К брату Теодору обернулись все разом, и какое-то время над собранием висела тишина. Монах, введенный некогда в круг заговорщиков Майнцем, обыкновенно был молчалив, вечно собран, точно в уме его непрестанно решались сложные подсчеты и задачи, а за все время сегодняшнего обсуждения, кроме приветствия при встрече, это и вовсе были его первые слова.

— Что именно? — осторожно уточнил отец Бенедикт, и Теодор обвел собравшихся рукой:

— Всё это. Ваша мысль заточить в одиночных кельях раскаявшихся злотворцев и использовать их силу, неведомо как и от кого обретенную… Это ли не ересь? Это ли не малефиция?

— Мне к-казалось, ты веришь в меня, — тихо сказал Майнц. — Когда бывало так, чтобы я ошибался и принимал одно за другое?

— А кто непогрешим? — вопросом отозвался Теодор. — И можешь ли ты сам за себя поручиться, что не пришло время твоей ошибки, а все прочие с охотой поверили тебе, потому как уж больно заманчиво все это?

— Меня частенько называли дураком, но еще никогда столь благожелательно, — буркнул Сфорца недовольно. — Вы это к чему, брат мой?

— Я предлагаю не спешить с такими решениями. Предлагаю обдумать…

— Четыре года думаем, — не слишком учтиво оборвал Сфорца. — Сколько можно думать-то?

— Хоть сорок лет, — упрямо возразил Теодор. — Решение слишком важное, ошибка будет стоить слишком дорого. Надо взвесить все еще раз, еще раз перепроверить…

— Как?

— Как угодно. Хоть бы и с участием отцов инквизиторов.

— Альберт, — мрачно произнес Сфорца, не отрывая взгляда от строптивого собрата во Христе, — напомни своему приятелю с плохой памятью, что у нас тут заговор против Инквизиции, вообще говоря.

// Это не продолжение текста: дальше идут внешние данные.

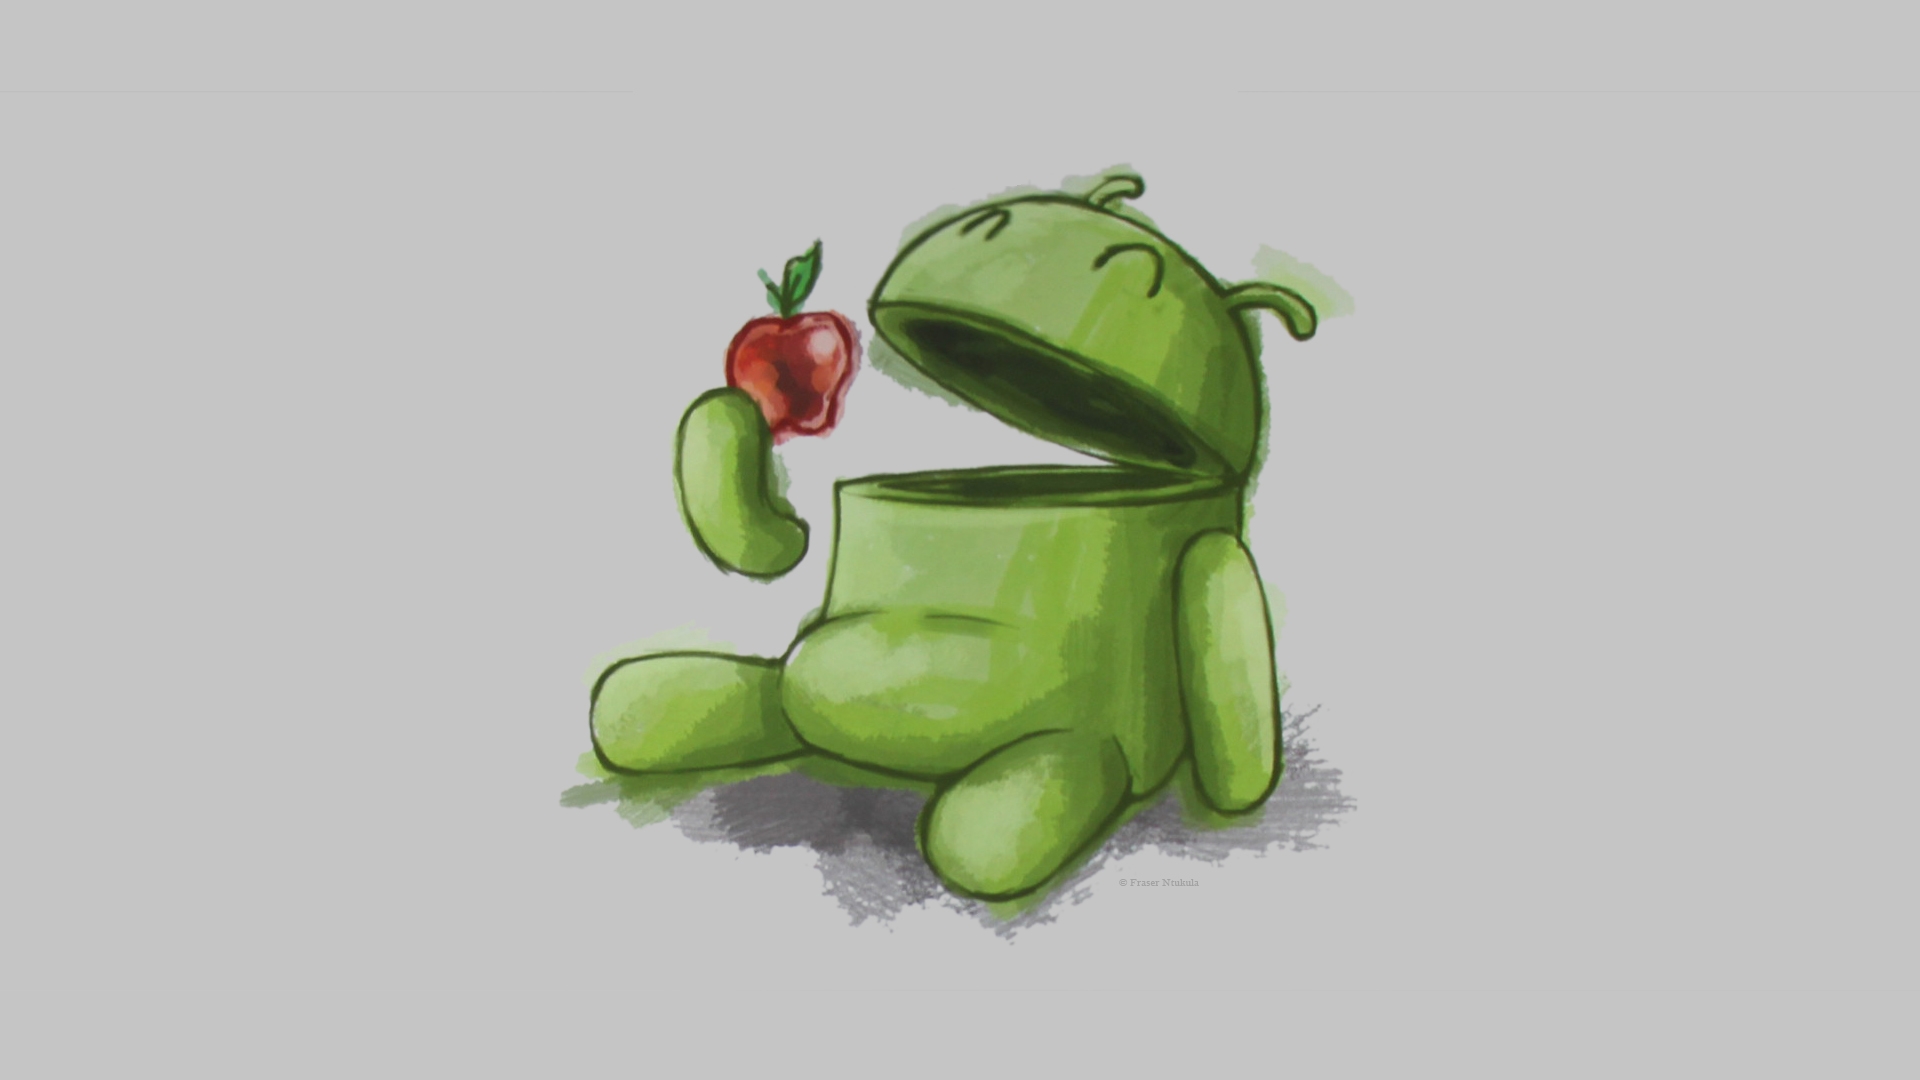 [39+] Android Eating Apple Wallpaper on WallpaperSafari

— Гвидо, — укоризненно одернул отец Бенедикт и вздохнул: — Теодор, он выразился излишне резко, но он прав. Ты здесь, я здесь, все мы здесь — именно потому что нынешнее состояние Инквизиции мы полагаем неприемлемым и нуждающимся в исправлении. Как ты воображаешь себе их участие? И вспомни, что они говорили об Альберте во время оно, а после вообрази, что скажут они о наших планах.

— И все же я против.

— Мы это учтем, — сообщил кардинал с дипломатичной улыбкой, и Теодор нахмурился:

— Это означает, что вы не намерены меня слушать и сделаете по-своему?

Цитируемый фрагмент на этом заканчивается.